- Also known as: 26
- Born: March 16, 1953 (age 73)
- Genres: Punk rock, folk, alternative rock
- Occupation: Musician
- Instrument: Vocals
- Years active: 1978–present
- Labels: Crustacean Records Alternative Tentacles

= Doc Corbin Dart =

American musician (born 1953)

Doc Corbin Dart (born March 16, 1953) is an American musician and former vocalist of the 1980s Lansing, Michigan punk rock band the Crucifucks. As of the early 2000s, he is also known by his moniker 26.

Dart's unorthodox vocal stylings have been described as wailing and alarming, while others have described them favorably as heartfelt and influenced by Pete Shelley of iconic UK punk group Buzzcocks. His lyrics alternate between personal themes of abandonment and depression, and an anarchist worldview.

==Musical career==

===The Crucifucks===
In 1982, The Crucifucks formed and signed to Jello Biafra's Alternative Tentacles Records. They released the self-titled The Crucifucks a year later followed up with Wisconsin. In 1992, these records were re-released as a CD titled Our Will Be Done.

The back cover of Our Will Be Done featured a photo of what Dart believed was a slain policeman; the photo was actually from a Philadelphia Police Department drill. Doc is perhaps best known for the 1996 lawsuit filed over the use of this photo. The Philadelphia chapter of the Fraternal Order of Police sued the Crucifucks, Alternative Tentacles, Jello Biafra, and Borders Inc. alleging libel and slander. The trial court awarded a $2.2 million default judgment which was vacated on appeal the following year.

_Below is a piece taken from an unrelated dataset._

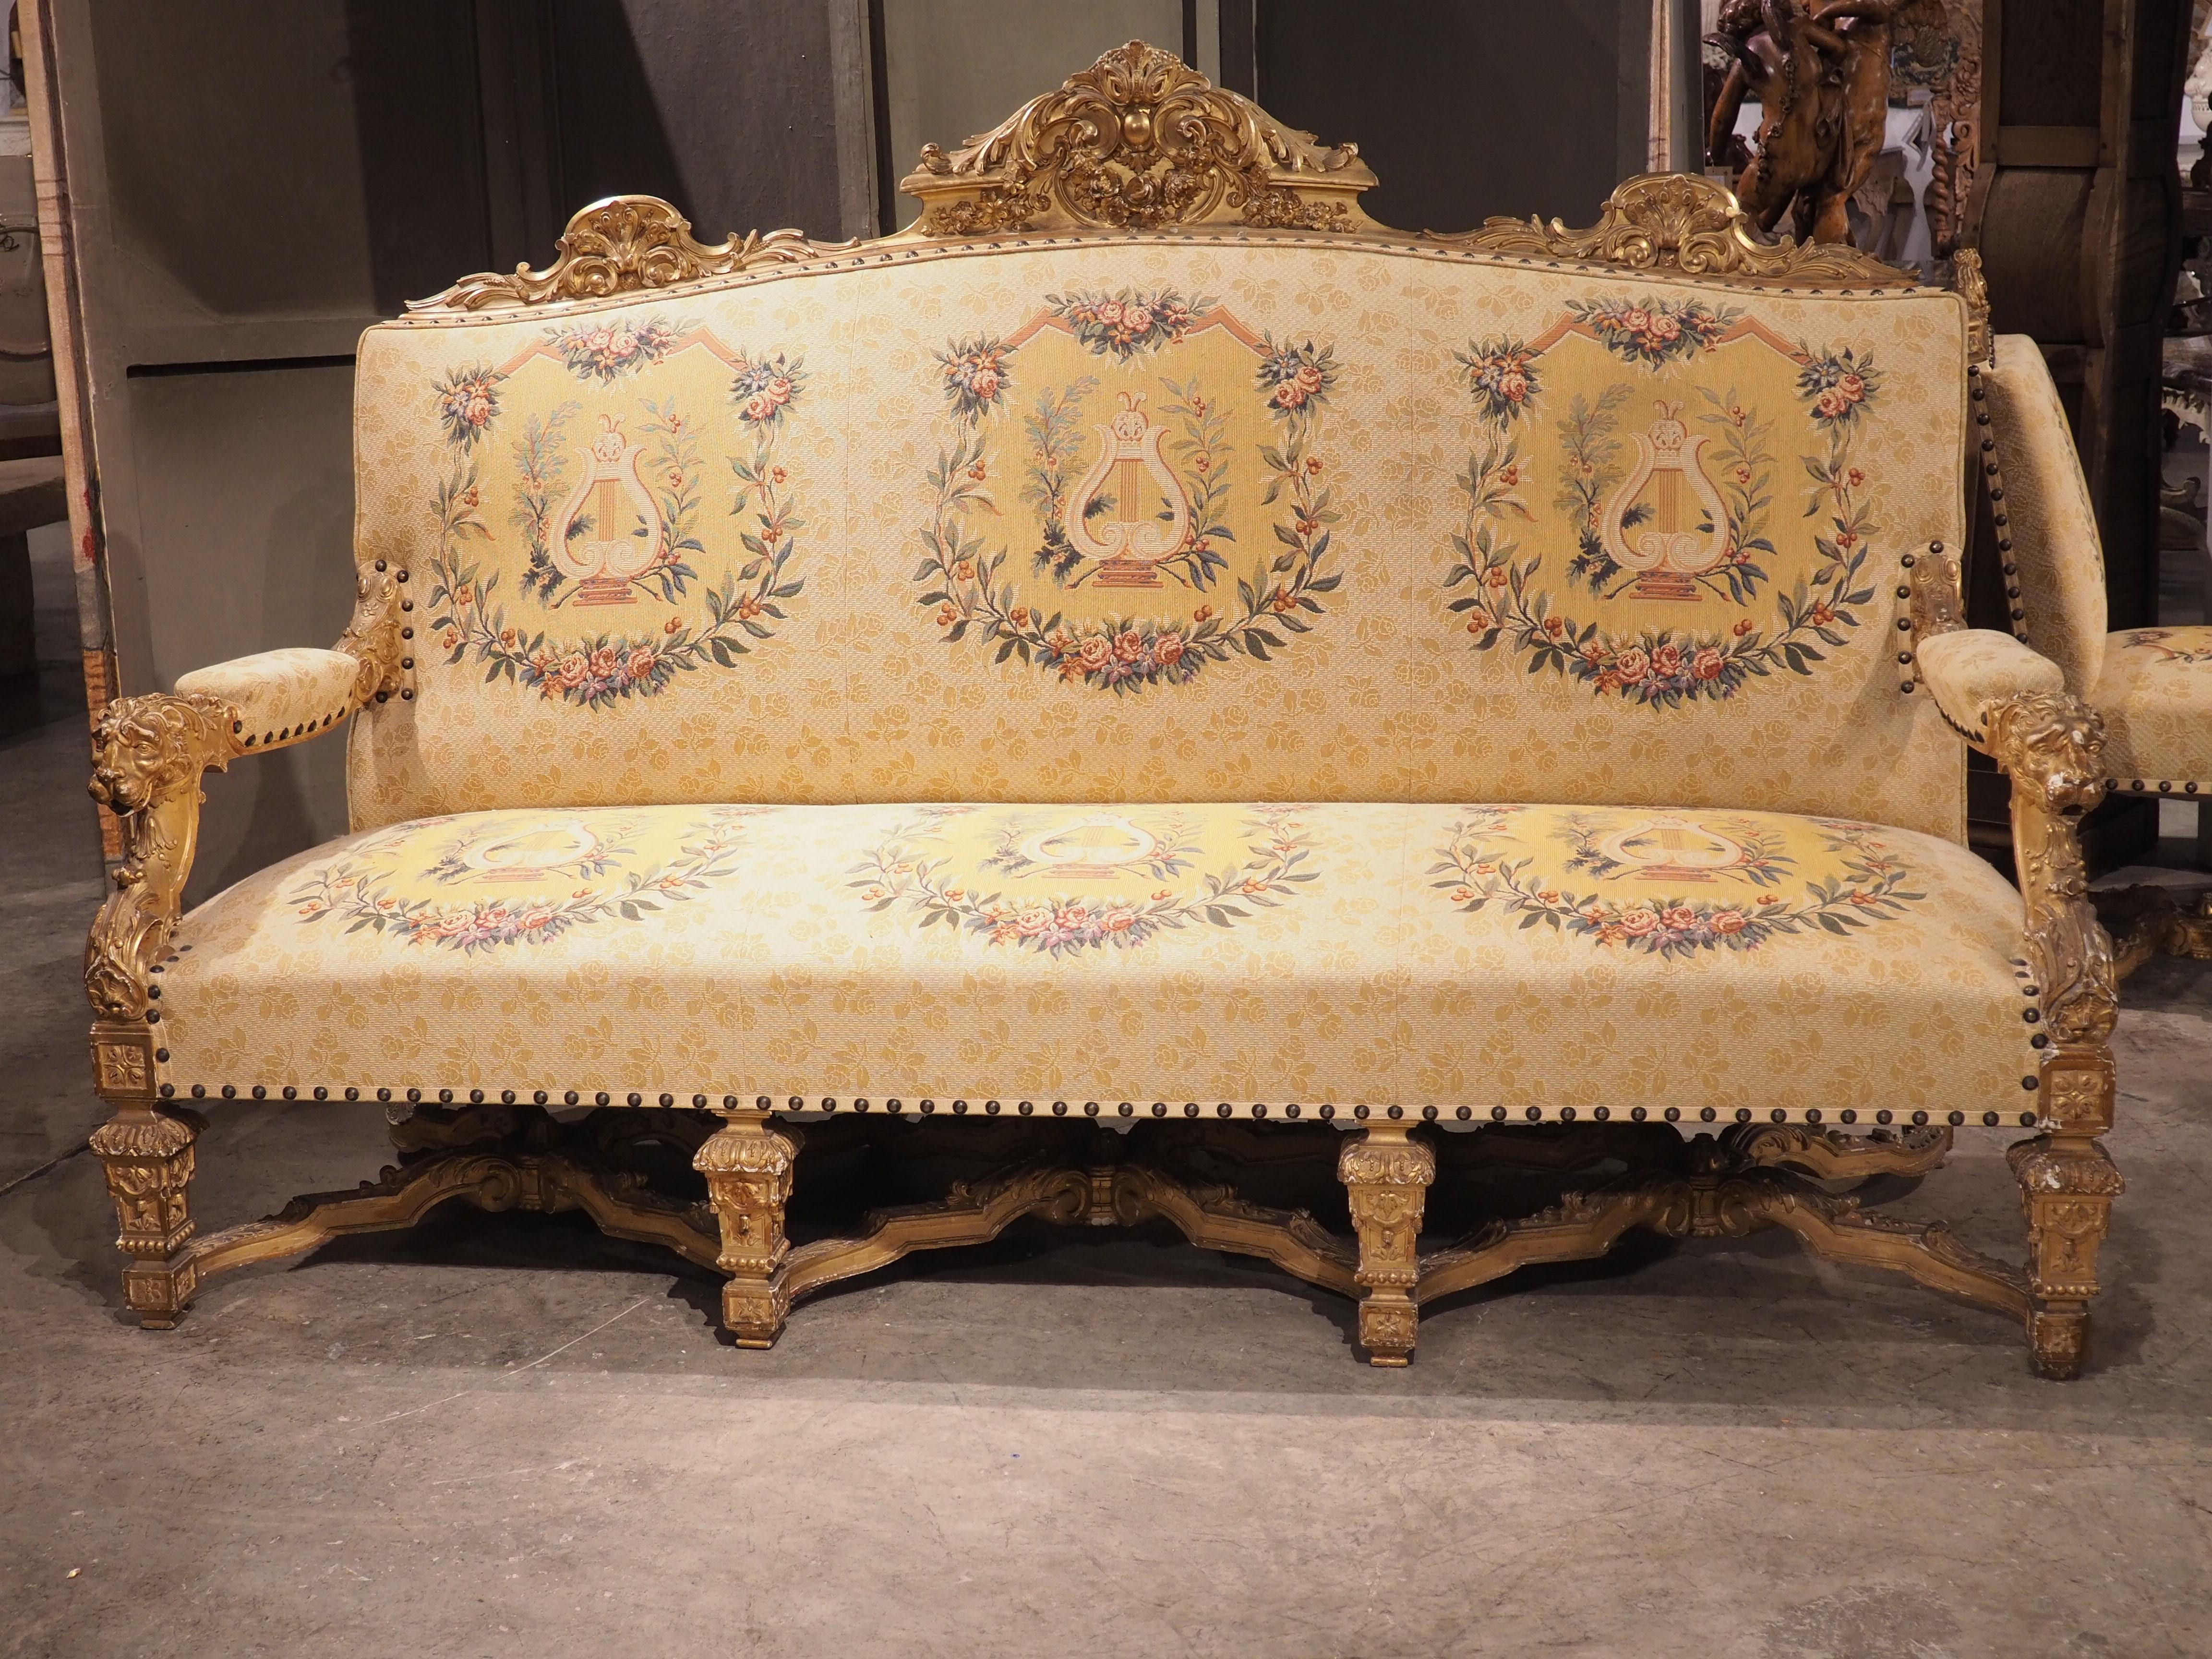 This majestic giltwood Chateau salon suite is from France and dates to circa 1880. There are four side chairs, two armchairs (fauteuils), and a canapé. All have square baluster legs and volute x-stretchers. All the wood has been richly sculpted and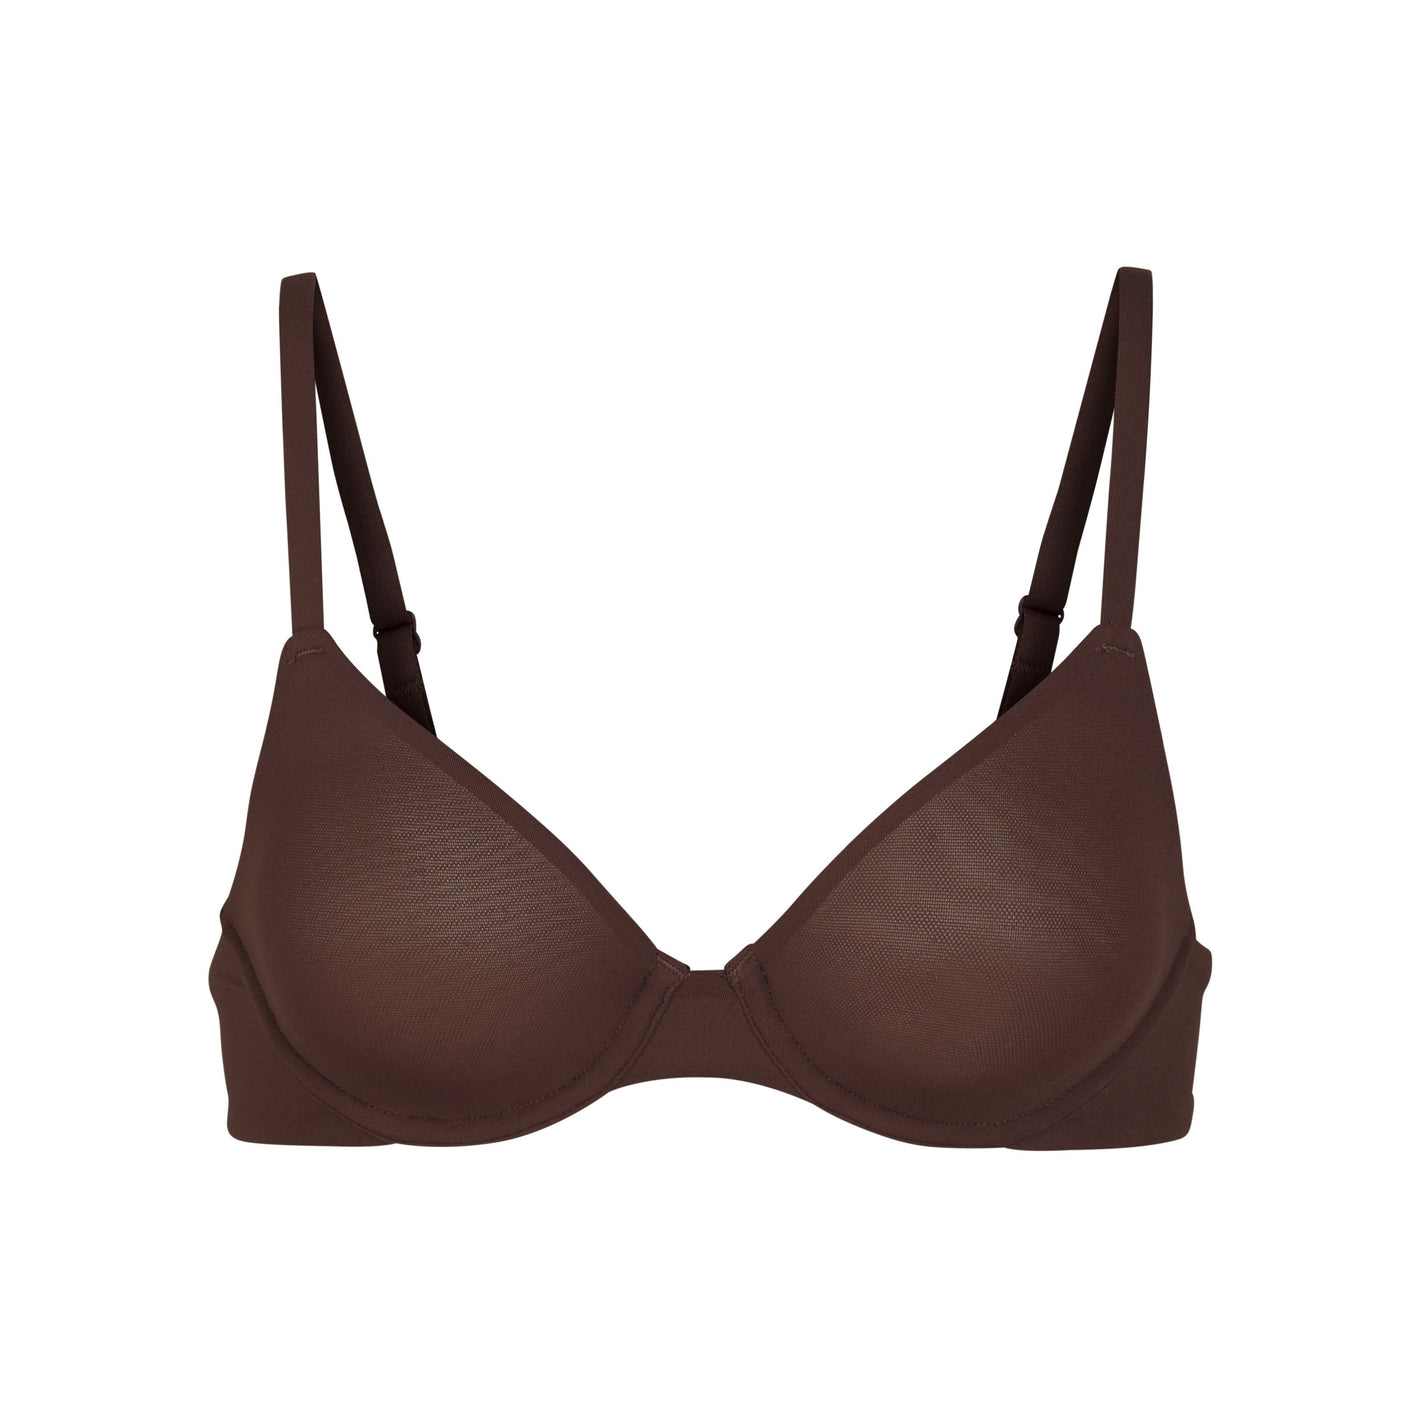 SKIMS New Bra 32C Black Size undefined - $41 New With Tags - From Adrianna

In 1998, The Crucifucks reformed and did a brief national tour, including a performance at Alternative Tentacles' 20th Anniversary Party. They also released their first CD in nearly a decade, called L.D. Eye; which dealt with themes such as the Oklahoma City bombing, U.S. wars in the Middle East, the Irish Republican Army, suicide, and police brutality.

===Solo material===
Doc Dart has recorded several solo projects: Patricia (1990, Alternative Tentacles, LP/cassette only) and 'Black Tuesday' (1991, self-released, cassette only). In 2002 he started a new project called LD Eye. In 2004 he changed his name to 26 and released a solo CD, The Messiah on Madison, Wisconsin's Crustacean Records. Dart opened up for Jello Biafra on his 'I Blow Minds For A Living' Spoken Word Tour.

==Personal life==
In 1989, Dart was a candidate for mayor of Lansing on a platform of police reform. Dart stated he would appoint a citizen's commission to hear complaints about officers. "We'll weed out the bad ones," he said. "If we have to weed out the bad officers, we'll do it." He stated that police hassle citizens and focus on petty crimes while not paying enough attention to rape and other serious offenses. He also pledged half of the $67,000 Mayor's salary to set up a rape counseling and education center. He finished third of three in the August 8, 1989 city primary election with 5% of the vote.

Dart continues to be a mainstay of alternative culture in Lansing, Michigan, regularly showing up in local papers. For a long time, Dart ran a baseball card store in a small collection of shops on Michigan Avenue. These shops were located near Sparrow Hospital, where he petitioned the city to open a women's crisis center, serving as one of its original board members.

Currently residing in Okemos, Michigan, Dart created a stir with his anti-American sentiments following the September 11 attacks. Signs attached to the front of his home read, in part, "U.S. Troops terrorize as cowards from the skies. They should be in body bags." He is also a supporter of the Animal Liberation Front.

Dart has borderline personality disorder and his first solo album, Patricia, was named after his therapist.

Dart is the son of Rollin Dart, former chair of Dart National Bank, cousins of the Dart Container family. Dart is divorced and has two children.